Без десяти семь. Ващенков сейчас ходит возле железнодорожного полотна, ждет поезд. Невеселые у него мысли…
Валя сейчас тоже думает об одиноком Ващенкове, ожидающем поезда. И ее мысли такие же невеселые…
Без десяти семь. Идет совещание. Быть может, выступает Коковина, говорит обо мне, упрекает меня за недисциплинированность, за партизанщину, как особое доказательство выставляет мое отсутствие на этом совещании. А возможно, выступает Анатолий Акиндинович. Кичливо рассуждает о том, как он взялся проверять на практике и у него ничего не получилось. Он не может ошибаться, могут ошибаться только другие. Я всегда чувствовал, что его глупая активность сыграет со мной злую шутку. Впрочем, плевать!.. Василий Тихонович сейчас, верно, глядит на свои часы: без десяти семь, совещание идет, а меня нет. Василий Тихонович мысленно обкладывает меня всяческими ругательствами. Ему не плевать, он не хочет поражения…
Без десяти семь. Я стою у своего стола и жду Тоню. И то, что она вот-вот появится, для меня сейчас самое важное, самое значительное, значительнее всех Коковиных, Анатолиев Акиндиновичей и ругательств Василия Тихоновича.
Тоня о чем-то догадывается, что-то подозревает, но не ждет удара. Легко ли вдруг, с маху обрушить: «Ухожу!» Какой бы она для меня ни была, как бы к ней я ни относился, но живая! Живая! Но что делать? Ващенков вот-вот сядет в поезд. Валя одна, она ждет, катастрофа разразилась, не в моих силах ее приостановить. Жду Тоню, чувствую себя преступником.
Надо взять какие-то вещи, самые необходимые, те, что никогда не пригодятся Тоне. На стене висит ружье, оно первое бросилось мне в глаза, оно-то Тоне никогда не понадобится. Но и мне оно сейчас не нужно. Надо взять пару белья, зубную щетку. Мыло можно не брать – найдется у Вали.
Я прошел в кладовую, достал пыльный чемодан.
И тут появилась Тоня. Она сделала крутую дугу по комнате, остановилась перед открытым чемоданом, глаза с зеленоватым отливом уставились на меня, на лбу вздулась вена. Я понял, что Тоня, переступая порог, уже что-то знала, о чем-то была осведомлена.
Она стояла в легком, по-летнему веселом цветастом платье, выставив вперед грудь, откинув назад маленькую, гладко причесанную голову, напряженно округлив глаза. Между нами лежал открытый чемодан.
– Куда собираешься? – спросила она сквозь зубы.
– Ухожу, – ответил я.
С этих слов началось нечто унизительное и безобразное, о чем я всегда буду вспоминать со стыдом.
18
И это продолжалось долго, вплоть до сумерек.

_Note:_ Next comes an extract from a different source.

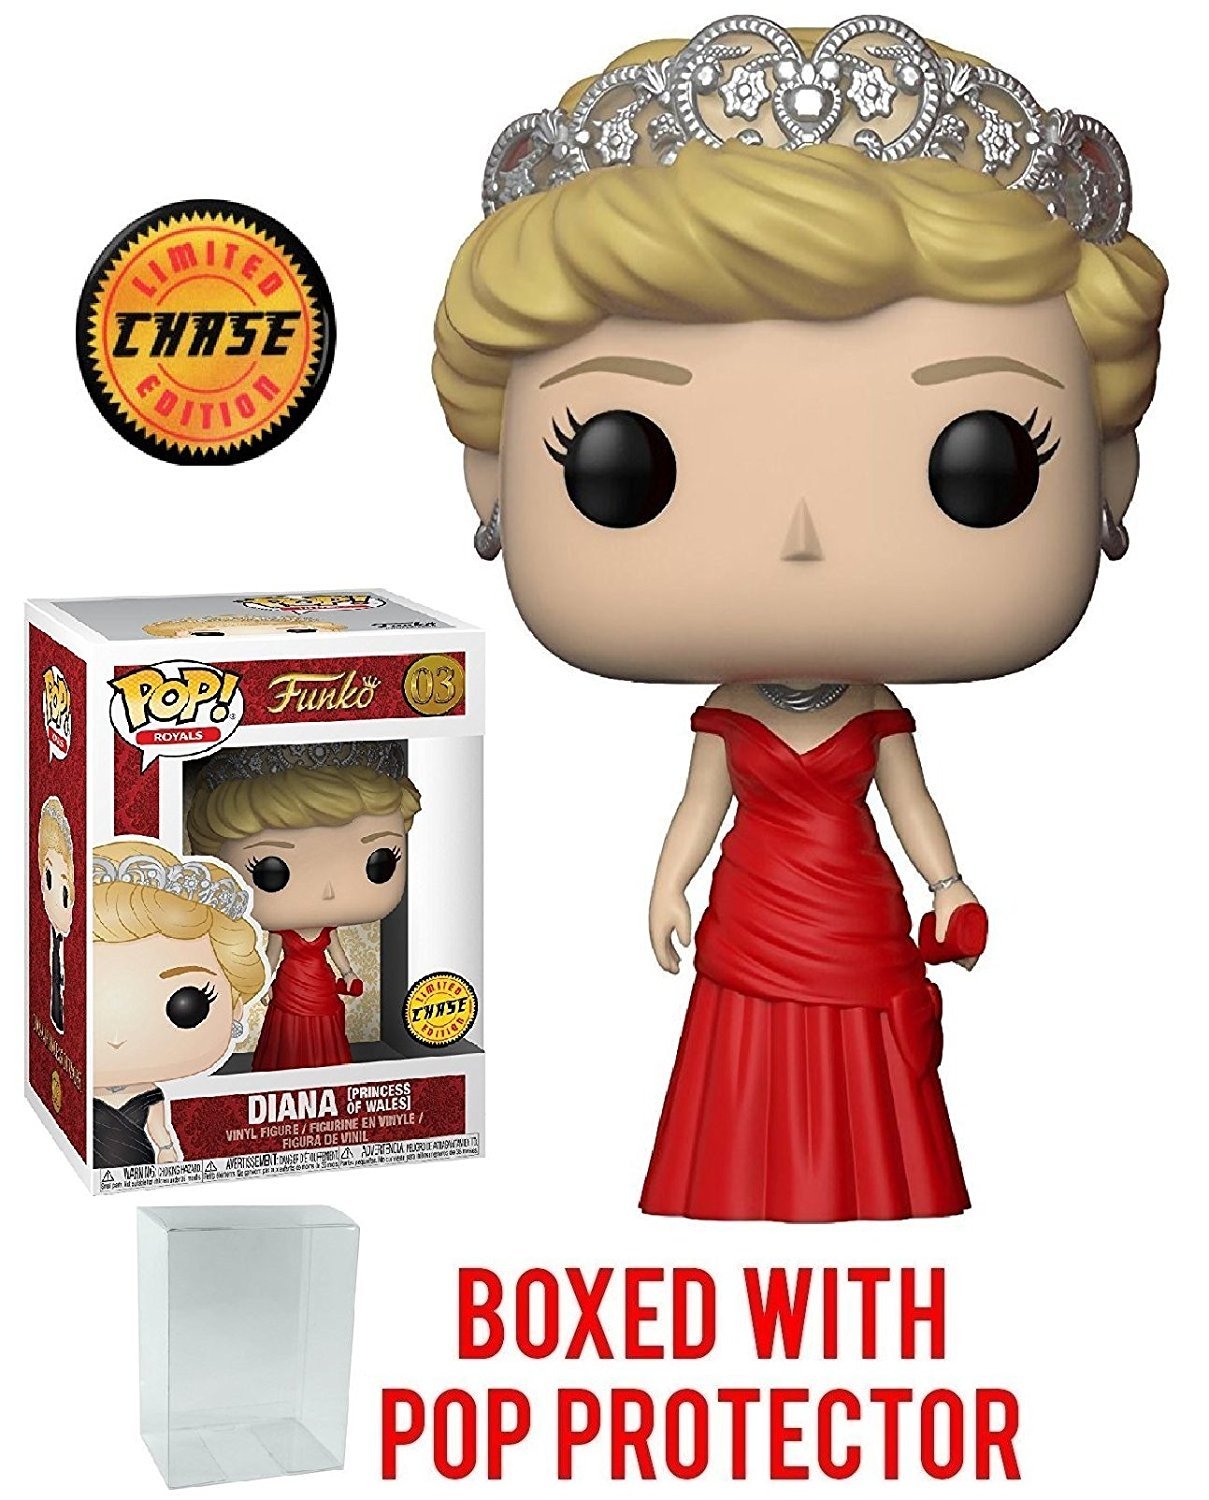 Funko POP!: Royal Family - Princess Diana styles may vary Collectible Figure - image 1 of 7

Открывались ящики комодов, на пол, на мой раскрытый чемодан летело чистое белье, сорочки, наволочки, брюки, костюмы. В комнате, недавно хранившей обжитый, покойный уют, стоял разгром. Были крики, были мольбы, вопли, проклятия и поношения ожесточившейся женщины.
Я оставил Тоню обессиленной, уткнувшейся в подушку растрепанной головой.
Я шел по улице с легким чемоданом в руке.
Был тихий, теплый вечер, с остывающим закатом, с вялой, отяжелевшей от росы листвой на деревьях. Я шел переулками, чтобы меньше встретить прохожих. Шел и поминутно морщился, вспоминая все, что случилось дома.
Грубость Тони, ее крики и ожесточенная ругань приглушили к ней жалость. Я чувствовал себя уверенней, я лишний раз убедился, что иначе не мог поступить, как только так вот уйти с легким чемоданом в руках. Если б даже не было Вали, рано или поздно это случилось бы. Я и Тоня по-разному думали, по-разному глядели на жизнь. Валя только развязала случайный узел.
Шаг за шагом я ухожу дальше от дома. Ухожу навсегда.
Нельзя думать о Наташке… Через час, через полчаса, через десять минут Тоня сообщит Наташке… Сейчас Тоня ожесточена, что-то ей скажет, какие слова? Она мать, я надеюсь, она будет бережна.
Но нельзя думать о Наташке!..
Я иду к Вале. Она ждет, она с полуслова, нет, не с полуслова, с одного взгляда поймет. Я теперь буду принадлежать ей, она – мне. Одна жизнь у нас впереди, одни мысли, одни желания, одни заботы. Мне не знакомо такое счастье, я никогда тесно еще не жил с человеком, который бы во всем понимал меня, сочувствовал тому, что я делаю. Катастрофа разразилась, она позади, теперь на ее обломках будем создавать новое.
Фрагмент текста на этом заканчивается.